A third consideration pertains the classification of approaches. Most projects lacked theoretical frameworks (24 of 31) or explanations of how their components were expected to re-configure beneficiaries’ behaviour. The team thus systematically examined the project’s BC techniques to outline four main intervention models, drawing on an existing classification [43]. Grouped projects were then assumed to possess a broadly similar rationale. Quality measures were adopted to ensure the reliability of this classification, including working in pairs during coding and conducting multiple review rounds. We are aware, however, that other typologies could be used.

Conclusion

Our review highlights the need for investments in integrated BC interventions. Combining appropriate pedagogical techniques for HEIs with community-based planning and user-defined infrastructure components may both motivate and enable beneficiaries to adopt recommended practices as well as addressing or circumventing structural barriers, fostering an enabling social and physical environment, to sustain the new behaviours. This appears central to encourage safe water contact practices, reduce transmission behaviours and, promote treatment seeking or uptake. Whilst further research is needed to ascertain the costs of integrated approaches, chiefly when considering that fostering BC may require long-term support, indicative evidence that BC can help sustain low infection rates post-MDAs suggest that such investments may be cost-effective as part of programmes’ elimination plans.

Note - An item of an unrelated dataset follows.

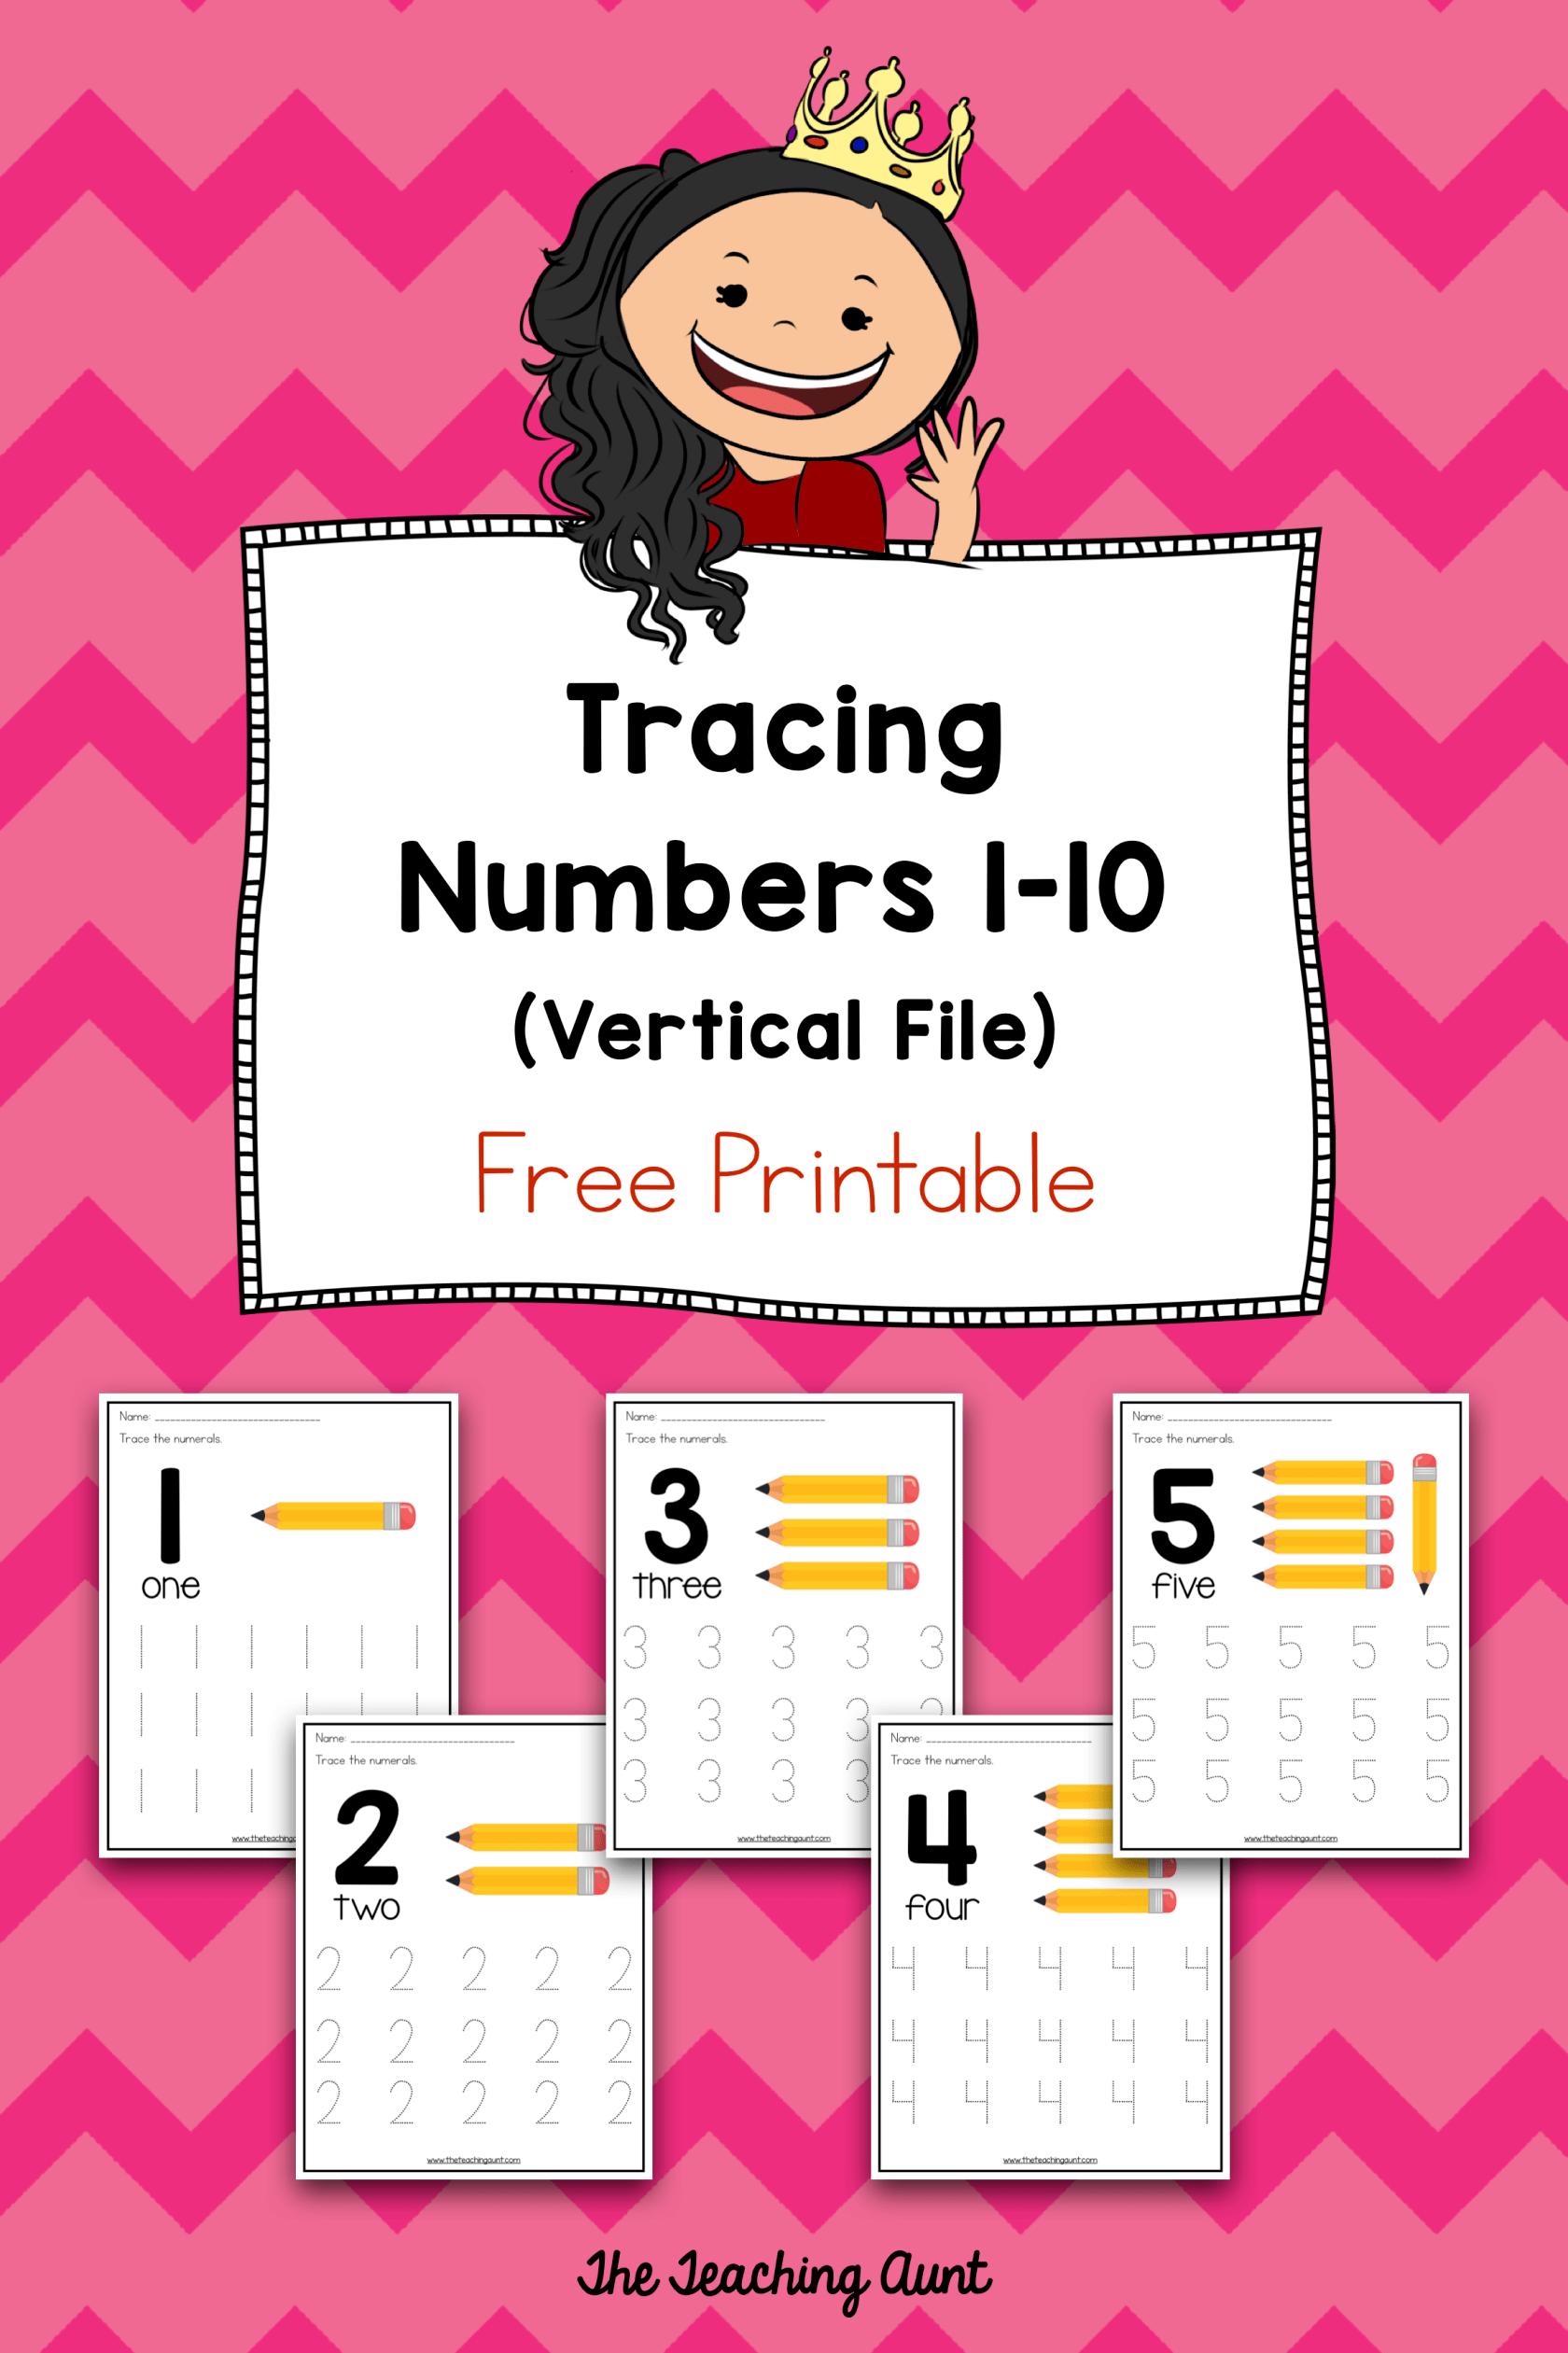 Number Tracing Worksheets For Preschoolers

Methodological and data gaps noted in the literature, outline key considerations for further research. Projects/programmes need to be clear on the type of behaviour targeted, the rationale/theory behind the intervention design, the specific contributions of different intervention components or BC techniques, and the pathways through which BC is expected to generate epidemiological impacts. Accompanying evaluation studies would benefit from using control groups and behavioural indicators validated through observed behaviours, discussions or interviews, as well as reliable diagnostic tests. Evaluations should also be mindful of the longevity of BC processes. Projects with these components will greatly contribute to the body of evidence for BC approaches for schistosomiasis elimination.

Supporting information

S1 PRISMA Checklist. PRISMA 2020 Checklist.

(DOCX)

S1 Table. Quality assessment criteria.

(DOCX)

S2 Table. Complete results from selected behaviour change interventions.

(DOCX)

Data Availability

All relevant data are within the manuscript and its Supporting Information files.

Funding Statement

The authors received no specific funding for this work.